‘Food and nutrition security as a central theme in the training of public managers in Brazil and Latin America is an initiative that should be praised. It’s about encouraging the creation of public policies in an intersectoral and participatory way and at the same time encouraging South-South cooperation strategies,’ said the director of the World Food Programme (WFP) Centre of Excellence against Hunger in Brazil, Daniel Balaban, about the round table promoted this Friday (23) by the National School of Public Administration (ENAP), entitled “Challenges of the contemporary context and prospects for international cooperation”.
In addition to the WFP, representatives from other UN agencies that have supported the course were also invited: FAO, IFAD, IICA, OEI, PAHO, UNICEF, as well as representatives from the Brazilian government.

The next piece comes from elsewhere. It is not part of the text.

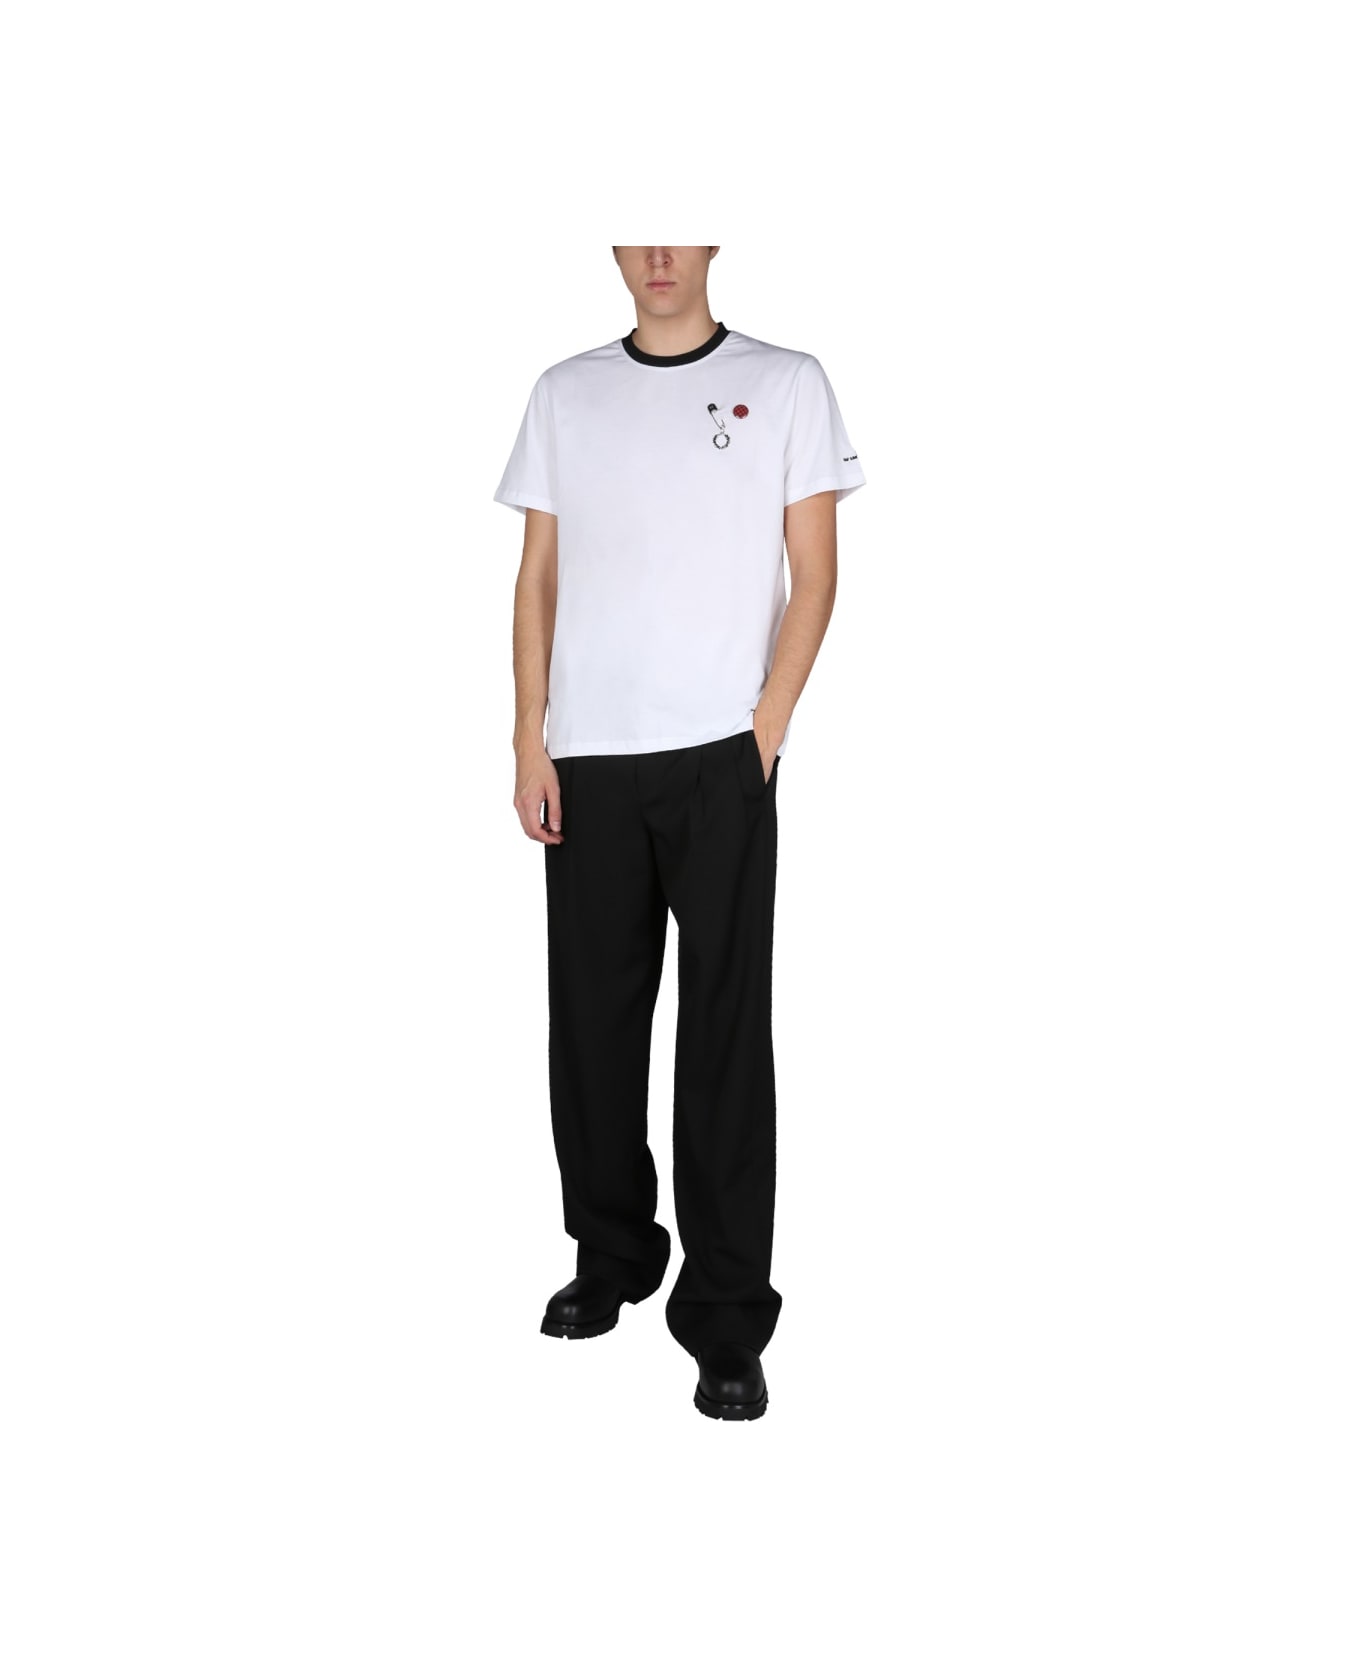 Fred Perry by Raf Simons Slim Fit T-shirt - WHITE シャツ

The event is part of the closing programme for the course ‘International Programme for Intersectoral Policies: Perspectives on Sovereignty Policies and Food and Nutrition Security’, which trains 23 Brazilian and 12 Latin American public managers in public policy strategies.
The course dealt with food and nutrition security in detail, including the formulation of public policies and monitoring, the link between access to and production of adequate and healthy food, human health and food culture.
For WFP Centre of Excellence nutritionist Eliene Sousa, the course shows how much Brazil’s food and nutrition security is a benchmark for the world. ‘ENAP provides this exchange within the public service. It’s important for Brazilian civil servants to be able to exchange with other managers in Latin America, to find out what is being done in other countries in the area of food security, which is a form of South-South cooperation,’ she said.
Eliene mediated one of the discussion tables at the course, in which eight students presented a case study on public policies. Among the topics covered were: the National Strategy for Healthy Eating in Schools; the National School Feeding Programme; the National Urban and Peri-urban Agriculture Programme; the Breastfeeding and Milk Bank Programme; and the Ecuadorian policy against child malnutrition.
‘From the point of view of public management, it’s important to give internal visibility to existing Brazilian policies, but also to analyse them from an international perspective, in order to gain a perspective and increase awareness of the relevance of the work being done in the area of food and nutrition security in various countries around the world,’ said Eliene.